I paced up and down for minutes, trying to invest the fact that Dad was dead with some meaning, but failed. There was no meaning. I understood it, I accepted it, and it was not meaningless in the sense that a life had been snatched away that might well not have been snatched away, but it was in the sense that it was one fact among many, and it did not occupy the position in my consciousness that it should have.

I wandered around the room, cup of tea in hand, the weather outside was gray and mild, the gently sloping countryside was full of rooftops and abundant green hedges. We had only lived there for a few weeks, we came from Volda where Tonje had been studying radio journalism and I had written a novel that was due to come out in two months. It was the first real home
we had had; the flat in Volda didn't count, it was temporary, but this was permanent, or represented something permanent, our home. The walls still smelled of paint. Oxblood red in the dining room, on advice from Tonje's mother, who was an artist but who spent most of her time doing interior design and cooking, both at a high level – her house looked the way houses did in interior decor magazines, and the food she served was always meticulously prepared and exquisite – and eggshell white in the living room, as well as in the other rooms. But this was nothing like an interior decor magazine here, too much furniture, and too many posters and bookshelves, were a testimony to the student existence we had just left behind. We lived on student loans while I wrote the novel, for officially I was studying literary science as my main subject up to Christmas when my money ran out, and I had to ask for an advance from the publishing house, which had lasted me until just recently. Dad's death came therefore as manna from heaven, because he had money, surely he must have had money. The three brothers had sold the house on Elvegata and shared the proceeds between them less than two years ago. Surely he couldn't have squandered it in that short time.

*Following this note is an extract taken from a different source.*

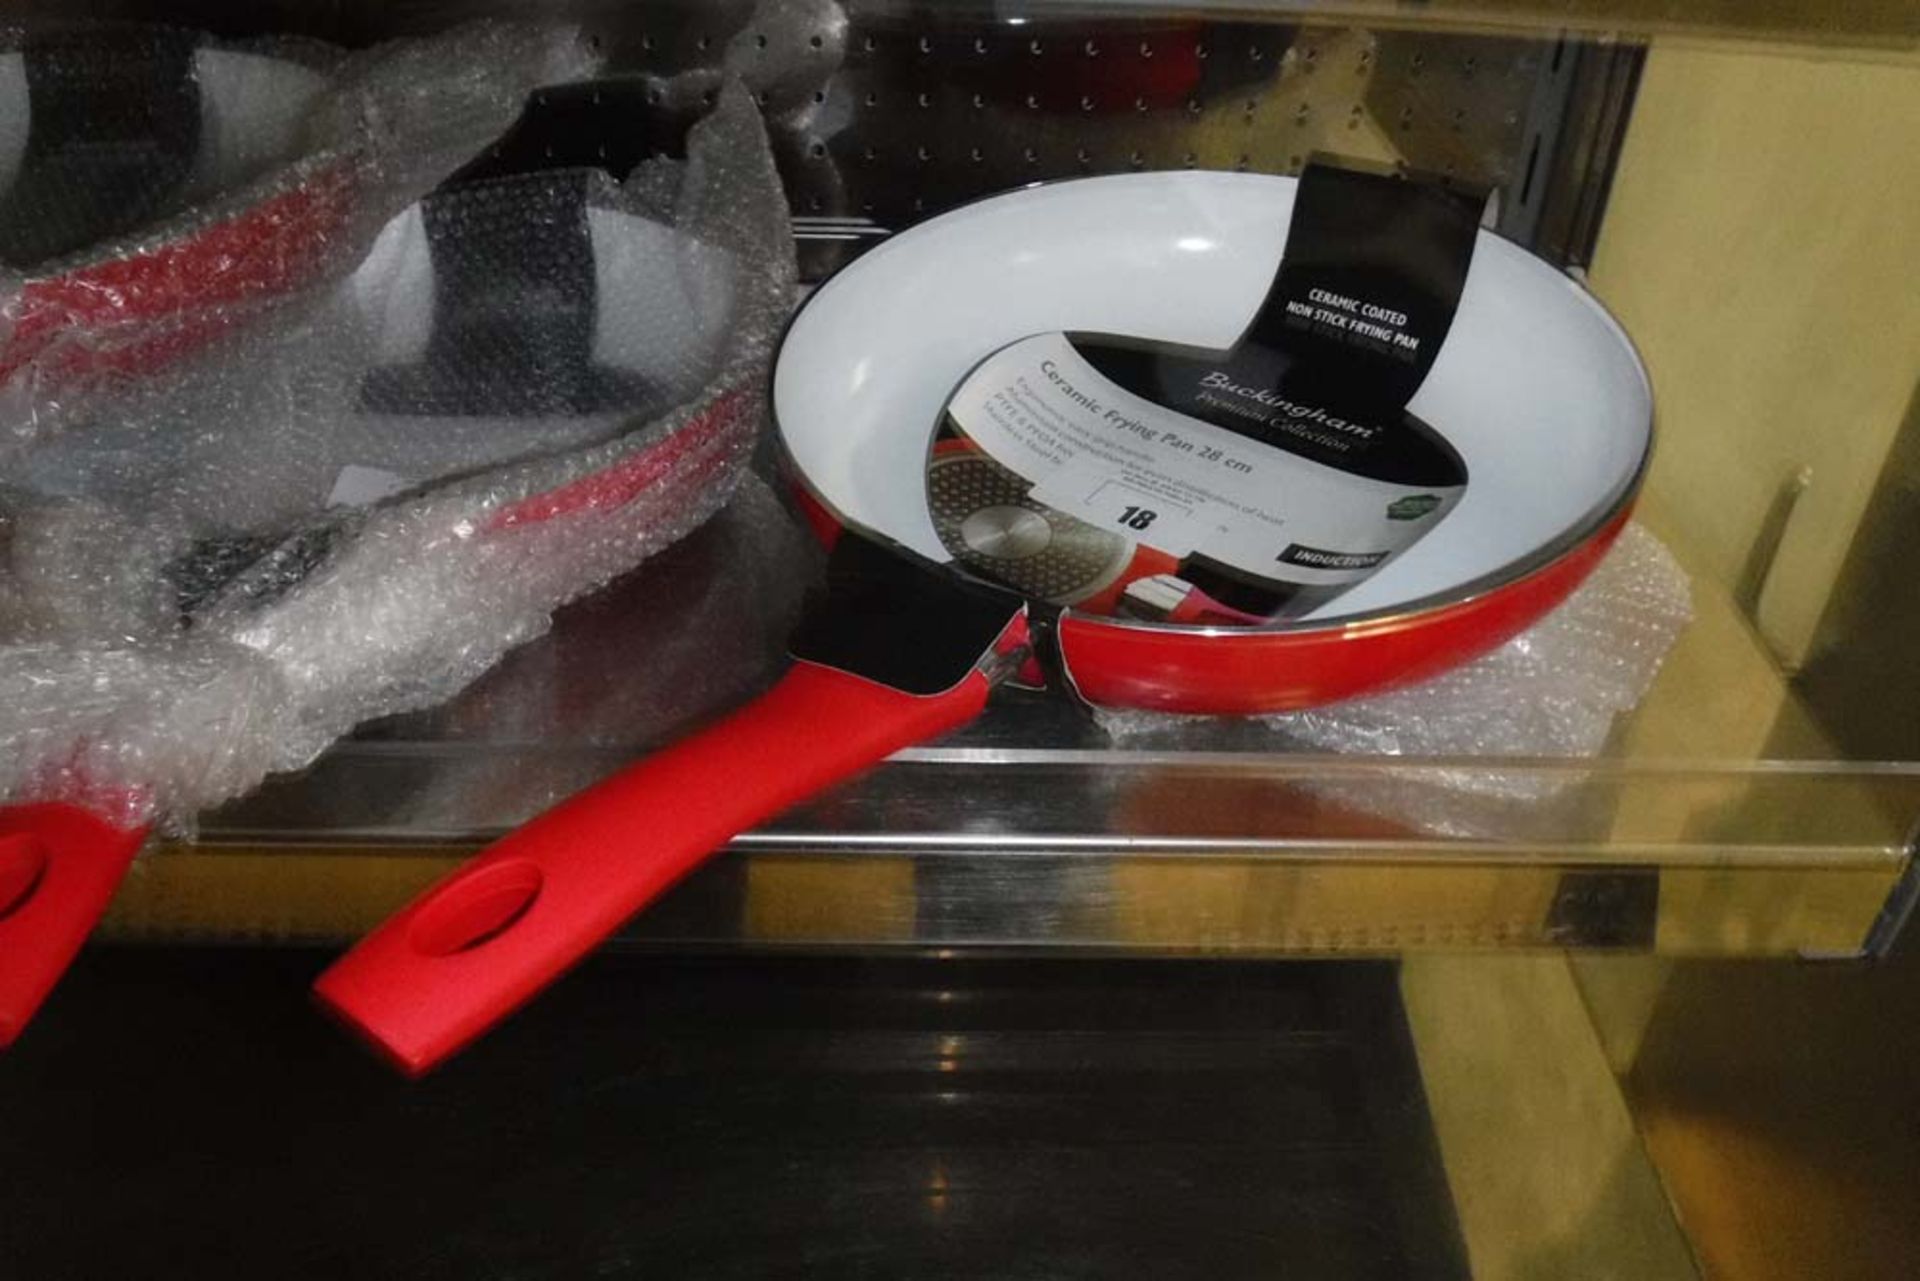 28cm Buckingham ceramic frying pan finished in red

My father is dead, and I am thinking about the money that will bring me.

So what?

I think what I think, I can't help thinking what I think, can I?

I put the cup down on the table, opened the slender door, and went onto the balcony, supporting myself stiffly on the balustrade and gazing around as I drew the warm summer air, so full of the smells of plants and cars and town, into my lungs. A moment later I was back in the living room casting my eyes around. Should I eat something? Drink? Go out and do some shopping?